## Task brief
From the first line to the last, transcribe the data exactly and skip the pictures.

## Collected material
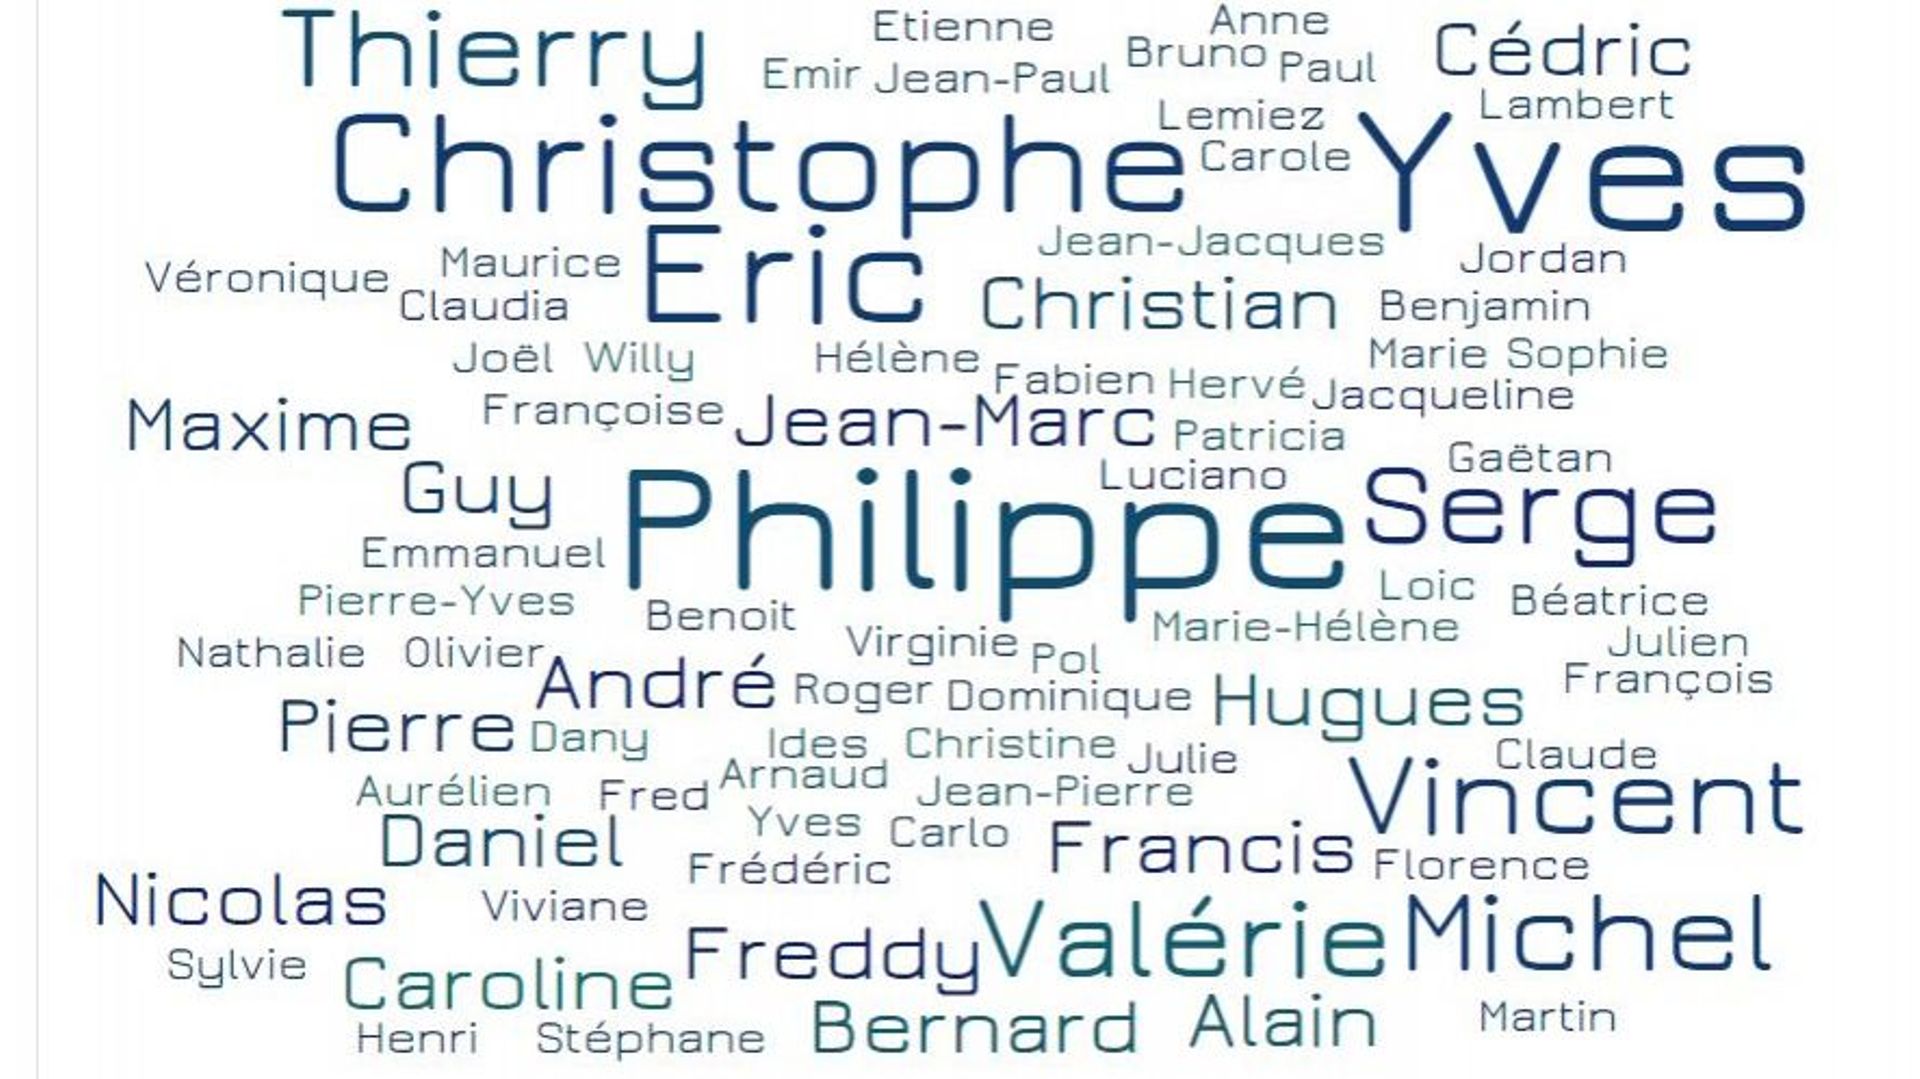 Le prénom qui revient le plus souvent chez les bourgmestres, c'est Philippe. Ci-dessus, une représentation de ces prénoms sous forme de "nuage de mots".
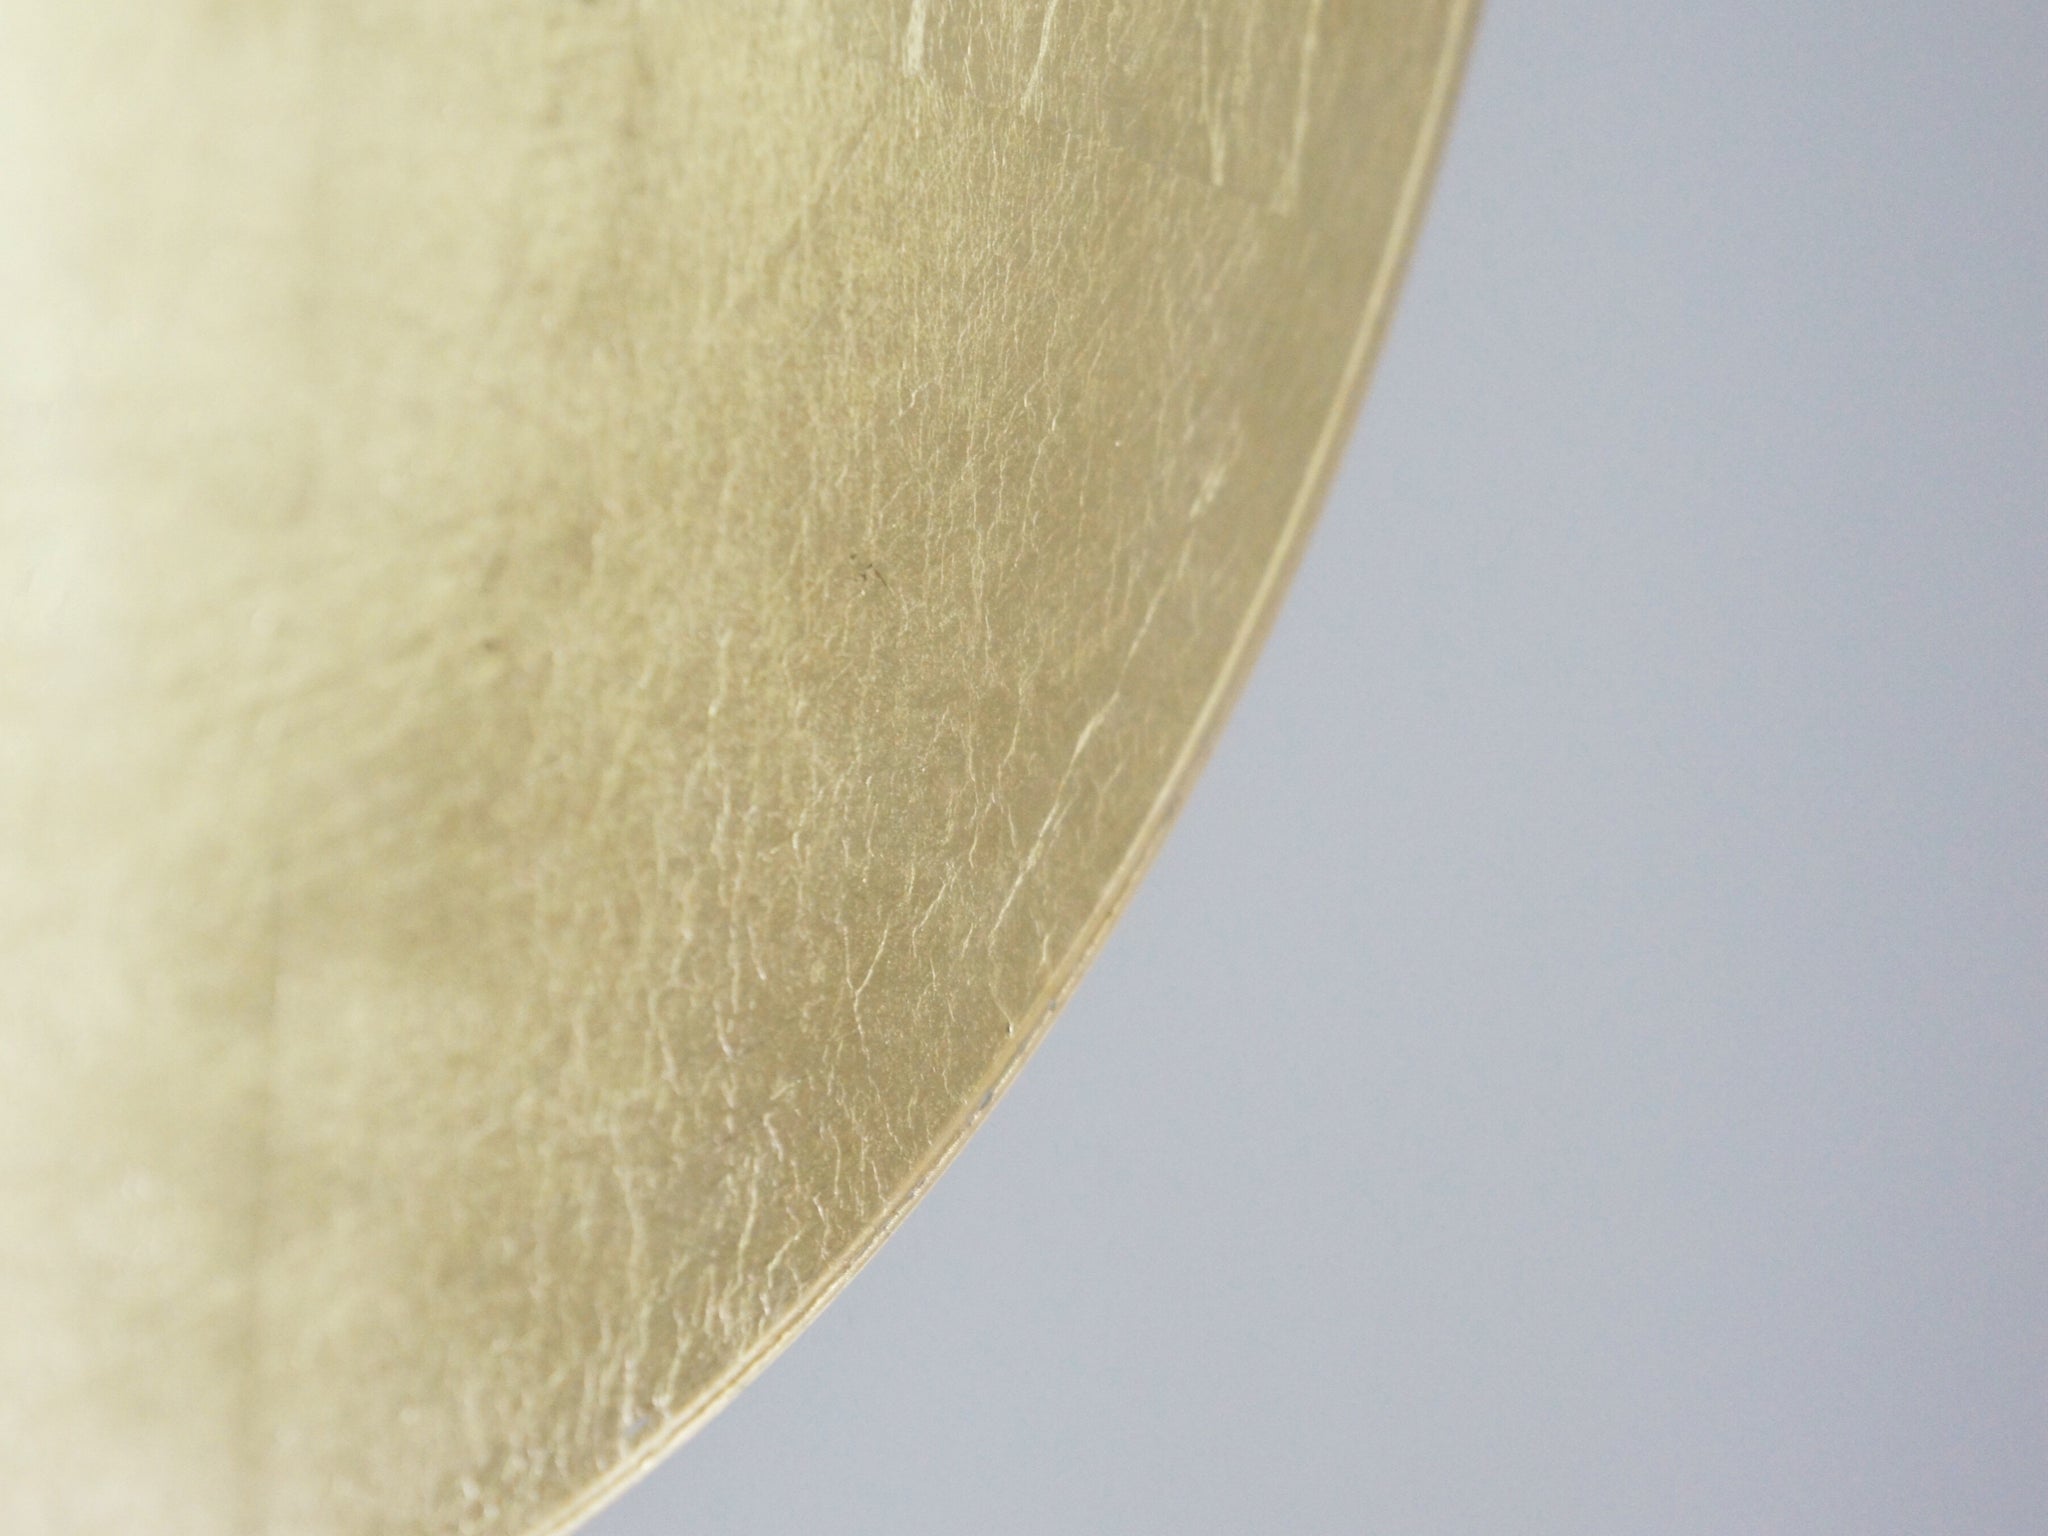 gold Blattmetall Blattgold messing glänzend Wanduhr handgemacht Unikat lautlos metal leafs brass wall clock art kunstwerk einzigartig unique einzelstück
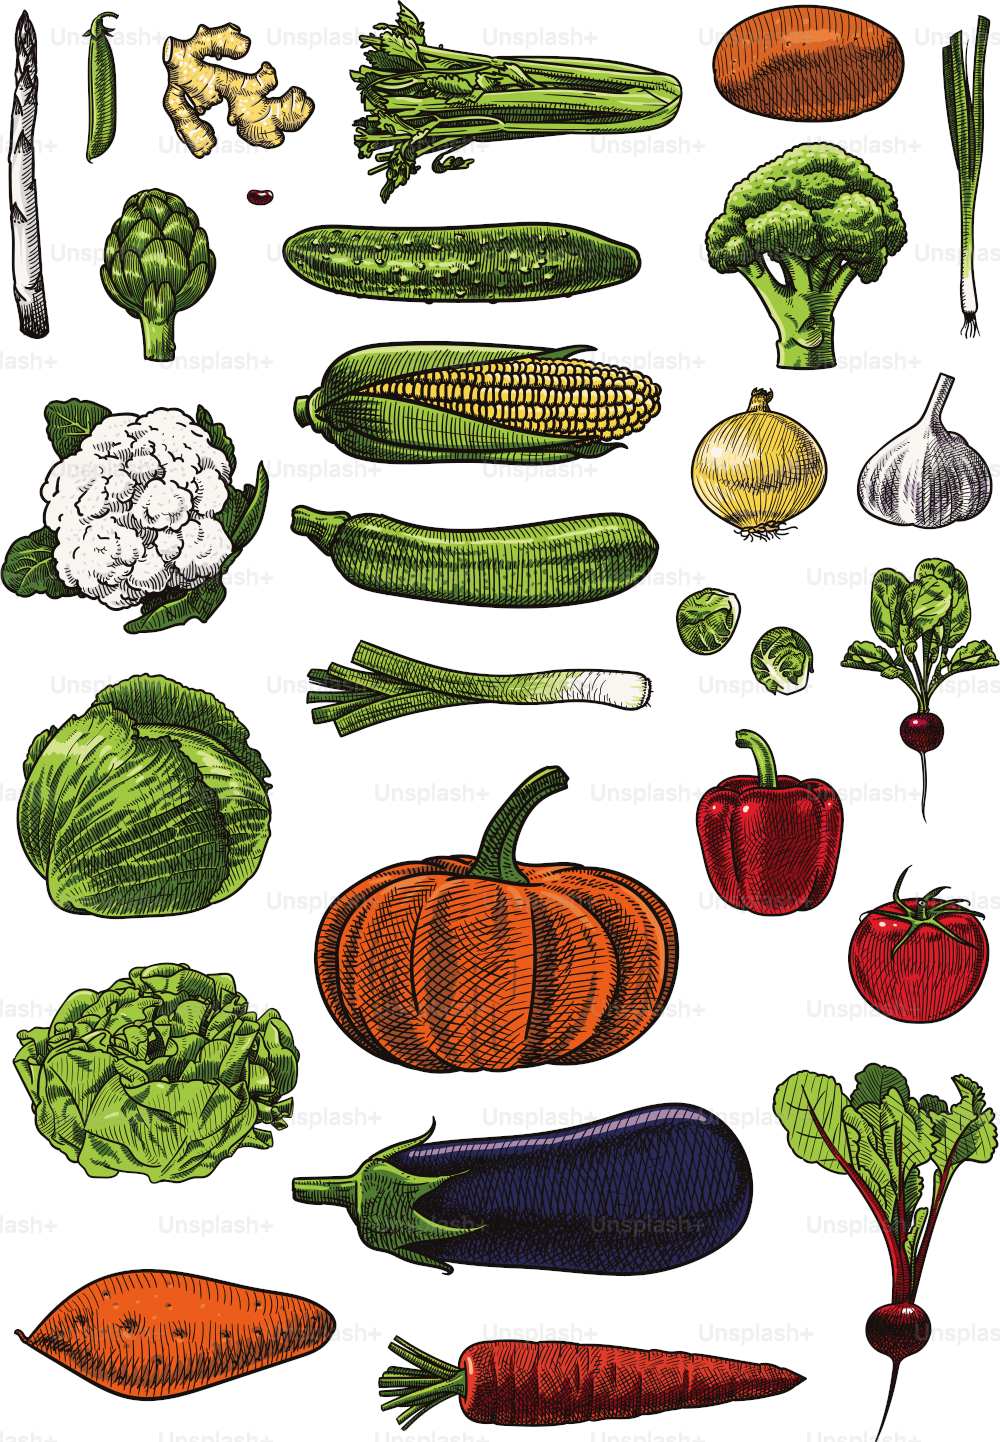 野菜の盛り合わせのベクトル図。慎重にグループ化され、ラベル付けされ、選択と編集が簡単です。

## Final answer
 Le prénom qui revient le plus souvent chez les bourgmestres, c'est Philippe. Ci-dessus, une représentation de ces prénoms sous forme de "nuage de mots".
 gold Blattmetall Blattgold messing glänzend Wanduhr handgemacht Unikat lautlos metal leafs brass wall clock art kunstwerk einzigartig unique einzelstück
 野菜の盛り合わせのベクトル図。慎重にグループ化され、ラベル付けされ、選択と編集が簡単です。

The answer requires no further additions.